Moreover, Wallace had been subpoenaed by the defense, who could have called and cross-examined him about his version of the events that was contradicted by the defense witnesses. Wallace was clearly a witness hostile to defendant, and defense counsel was entitled to employ leading questions and to impeach the witness through any prior inconsistent statements. La.R.S. 15:277; R.S. 15:487.

Improper Argument by Prosecutor (Assignment No. 24)

In rebutting defense counsel's argument during the guilt phase of the trial, the prosecutor picked up the subject of Joseph "Beanie" Wallace and told the jurors that Wallace had been outside and available for the defense to call as a witness. Defense counsel objected, disputing Wallace's availability. He also objected to the inference that the defense was under a duty to produce any evidence or to call any witnesses. The trial court overruled both objections.

Continuing with his remarks, the prosecutor said:

"I agree [with defense counsel]. The defendant has no burden to call anyone, but I want you to remember who's saying `I couldn't talk to Beanie. I couldn't examine him.' Who's saying that? [Defense counsel] is. You saw Beanie here. If he wants to call him, all he has to do is stand up and say, `I call Joseph Wallace to the stand. I've got some questions I want to ask him.'"
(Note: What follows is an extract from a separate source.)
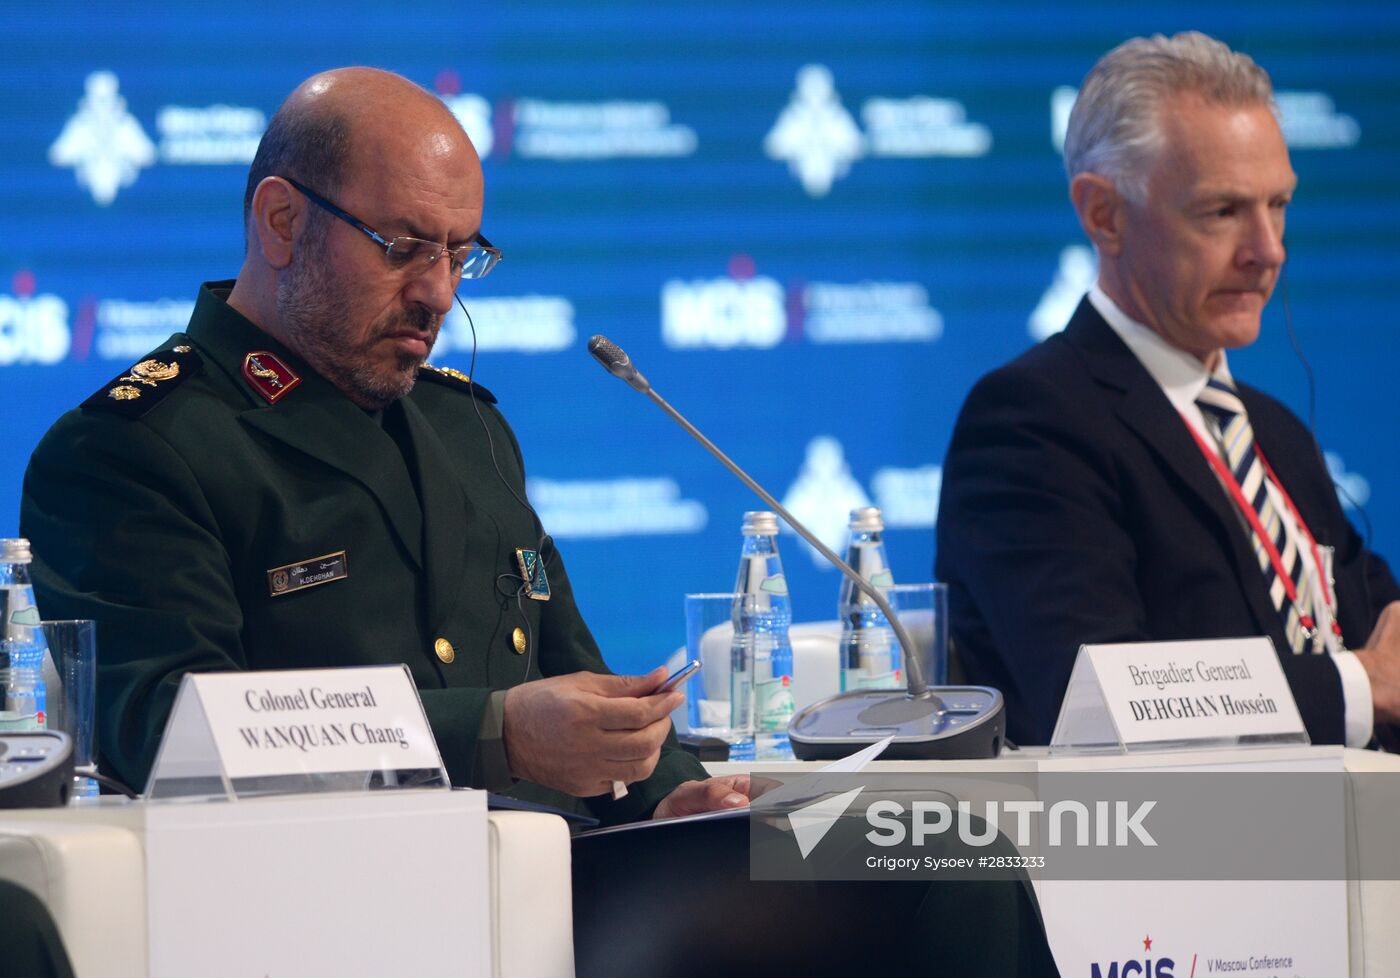 Fifth Moscow Conference on International Security

The judge then overruled another objection that the defense had no burden to call anyone, noting that he would instruct the jury on the subject at the proper time.

Defendant argues that the prosecutor's argument was misleading (1) because it did not explain to jurors that the defense could not call or impeach Wallace and (2) because it implied the defense had a duty to adduce testimony from the witness.

As noted earlier, defendant could have called Wallace to the stand and could have asked leading questions or impeached him upon a showing of the witness' hostility (which was very apparent). La.R.S. 15:487. Defendant's argument that he would have been required to show both hostility and surprise is clearly wrong.

As to the second contention, the defense bears no duty to call any witnesses or to produce any evidence. However, the prosecutor did not assert or imply that the defense had a burden to call Wallace. In fact, the prosecutor agreed that the defense had no such burden, and he merely pointed out that Wallace was available to be called by either party. This statement was a proper rebuttal to defendant's argument that the prosecutor's failure to call Wallace deprived him of an opportunity for cross-examination. Moreover, the judge properly instructed the jury that the defense had no burden to call any witnesses or to present any evidence.

Capital Sentence Review

Pursuant to La.C.Cr.P. art. 905.9, this court reviews every sentence of death in the state to determine if it was constitutionally excessive. In making this determination, the court considers whether the sentence was imposed under the influence of passion, prejudice or any other arbitrary factor; whether the evidence supports at least one statutory aggravating circumstance; and whether the sentence is disproportionate to the penalty imposed in similar cases, considering both the offender and the offense.

According to the uniform capital sentencing report, defendant is a single black male who was twenty-five years old at commission of the crime. He was born in Mississippi. After the death of his father in 1965, he, his seven siblings and his mother moved to New Orleans. He attended public school until dropping out in the ninth grade.

Defendant's employment record is inconsistent and consists of a series of low-paying jobs in manual labor. He has been unemployed since a disabling injury in 1982. At the time of the offense, defendant's income consisted of Social Security and disability benefits. He and Martina Burns have five children, the fifth being born after defendant's trial, and defendant contributed to the support of the family until his arrest.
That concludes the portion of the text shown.